A cannonball is fired from a cannon with a velocity of $24.0\,\frac{\mathrm m}{\mathrm s}$ at an angle of $40^\circ$ relative to the positive $x$-axis. It lands on the ground $56.6\,\mathrm m$ from where it was launched. How much time did the cannonball spend in the air? (Ignore air resistance.)

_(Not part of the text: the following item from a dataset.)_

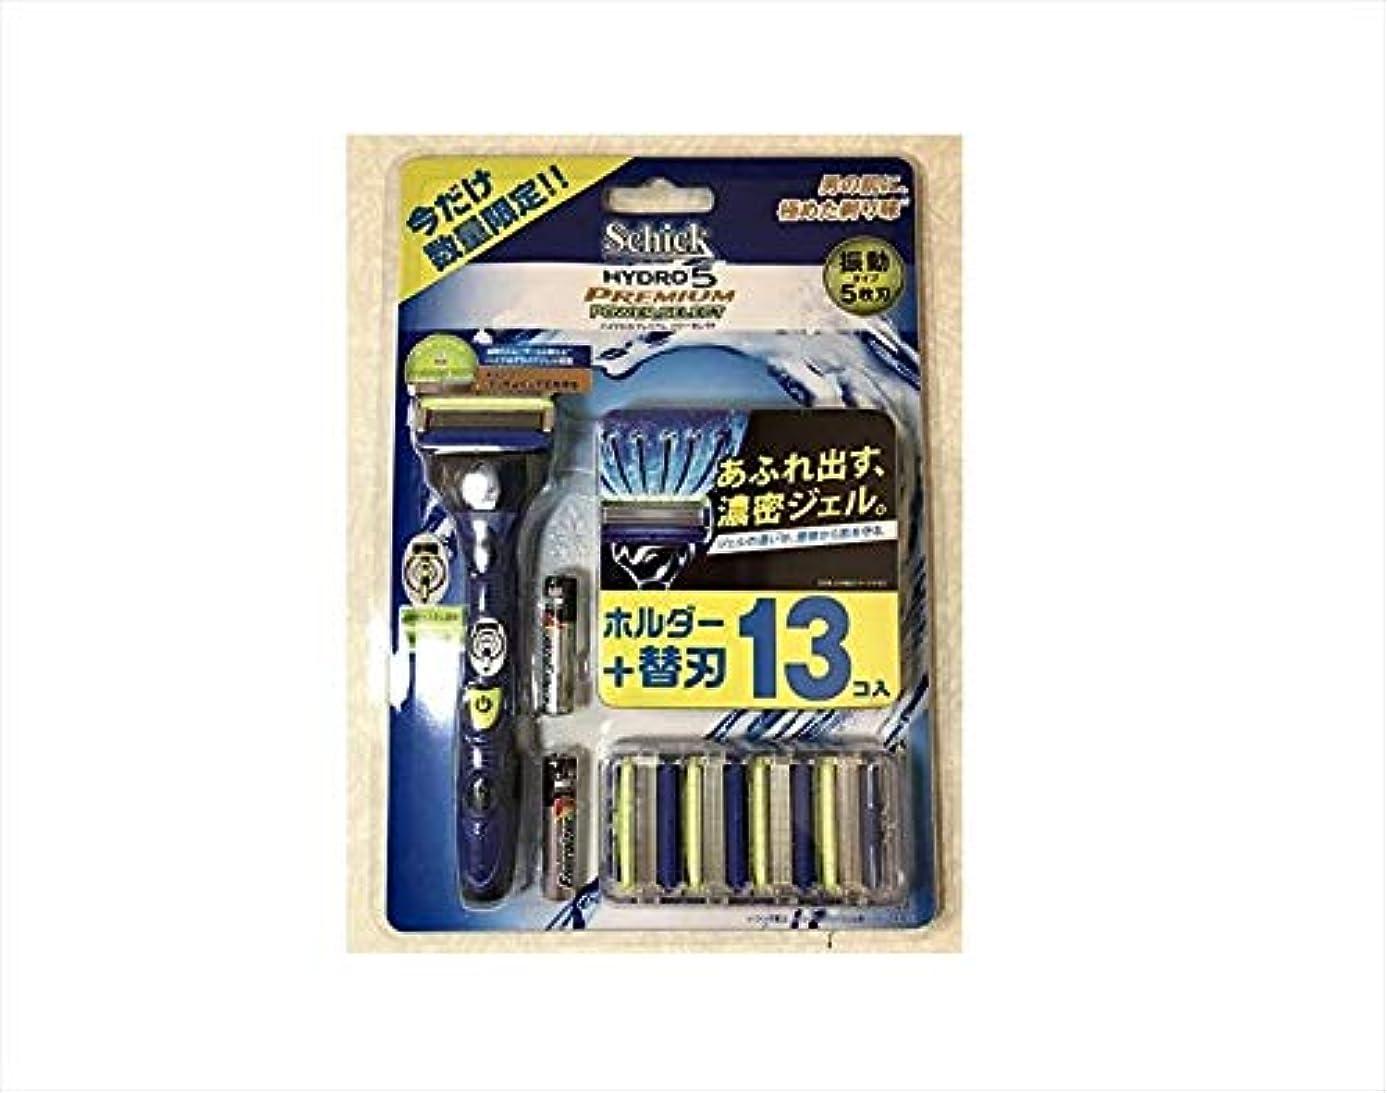 逆廊下素晴らしい良い多くのお買い得 シック ハイドロ5 パワーセレクトホルダー1本+ 替刃 (13コ入)+電池2本

I can solve for the airtime $t$ by using either position equation:
$$\begin{cases} x=v_0\cos40^\circ t\\[1ex] y=v_0\sin40^\circ t-\frac g2t^2 \end{cases}$$
Applying the first equation, I get
$$56.6\,\mathrm m=\left(24.0\,\frac{\mathrm m}{\mathrm s}\right)\cos40^\circ t\implies t\approx3.08\,\mathrm s$$
On the other hand, applying the second equation, I get
$$\begin{align*} 0&=\left(24.0\,\frac{\mathrm m}{\mathrm s}\right)\sin40^\circ t-\frac g2t^2\\[1ex] \implies0&=\left(24.0\,\frac{\mathrm m}{\mathrm s}\right)\sin40^\circ-\frac g2t\\[1ex] \implies t&=\frac{2\left(24.0\,\frac{\mathrm m}{\mathrm s}\right)\sin40^\circ}g\approx3.15\,\mathrm s \end{align*}$$
assuming $g=9.80\,\frac{\mathrm m}{\mathrm s^2}$. These differing times suggest to me that the cannon reached a distance along the ground of $56.6\,\mathrm m$ before it hits the ground. What is the source of the discrepancy?

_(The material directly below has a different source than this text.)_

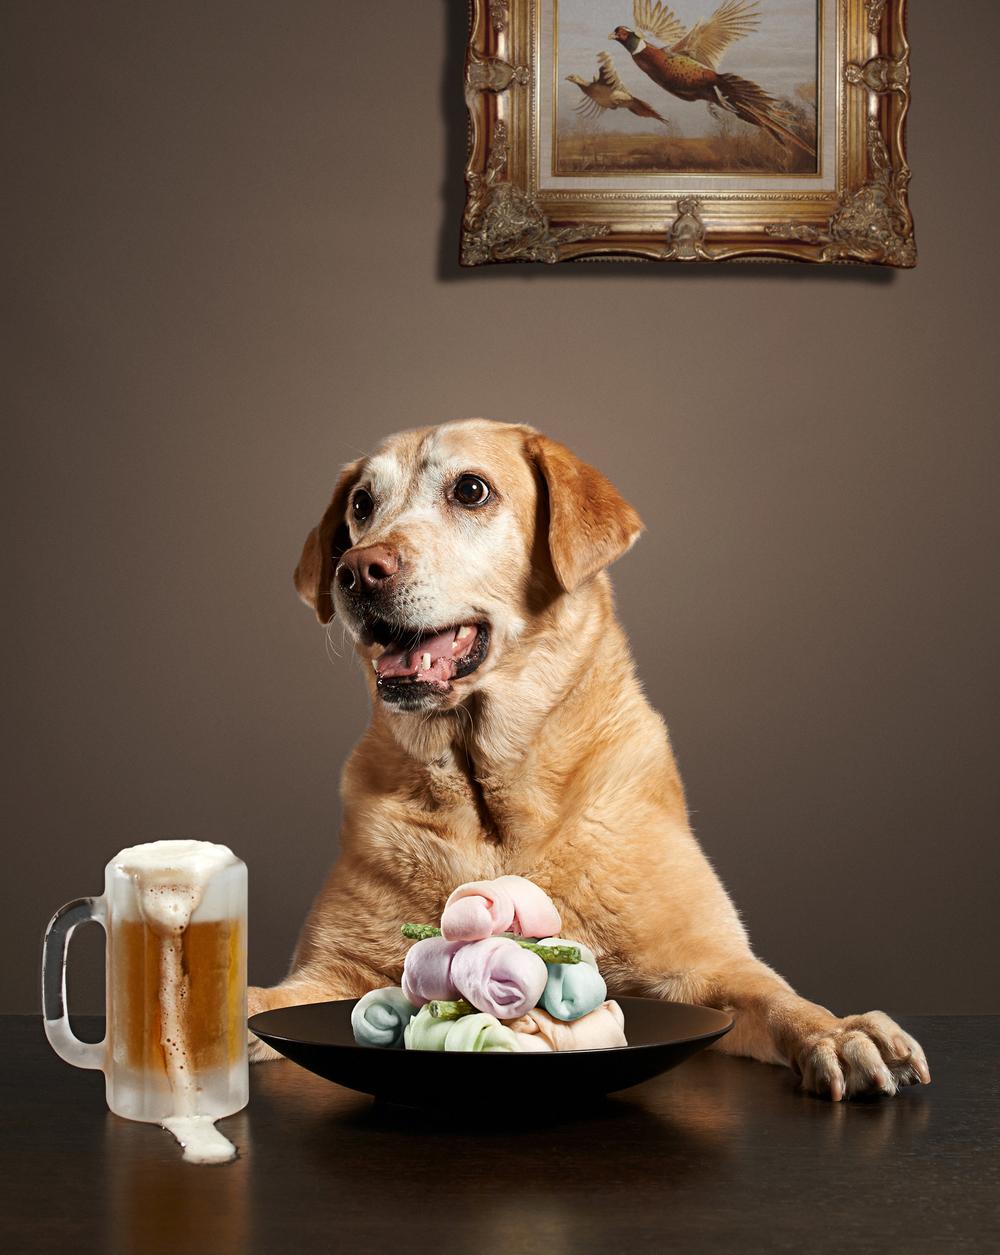 Beer n' Bones

My initial thought is that it has to do with what value of $g$ we agree to use. If I were to set $t=3.08\,\mathrm s$ as found in the $x$ equation and substitute this into the $y$ equation to solve for an unknown $g$, I find that the "correct" gravitational acceleration is closer to $10.0175\,\frac{\mathrm m}{\mathrm s^2}$.
Alternatively, I can consider the cannonball's vertical velocity $v_y=v_{0y}-gt$ to determine the time it takes to reach its peak height, at which point $v_y=0$:
$$0=\left(24.0\,\frac{\mathrm m}{\mathrm s}\right)\sin40^\circ-gt\implies t\approx1.57417\,\mathrm s$$
Then it should take the cannonball twice this time to reach the ground, which suggests that it would stay in the air for about $3.15\,\mathrm s$. Is the result of any one of these equations more accurate?
Perhaps I should just take the average of the two times I found?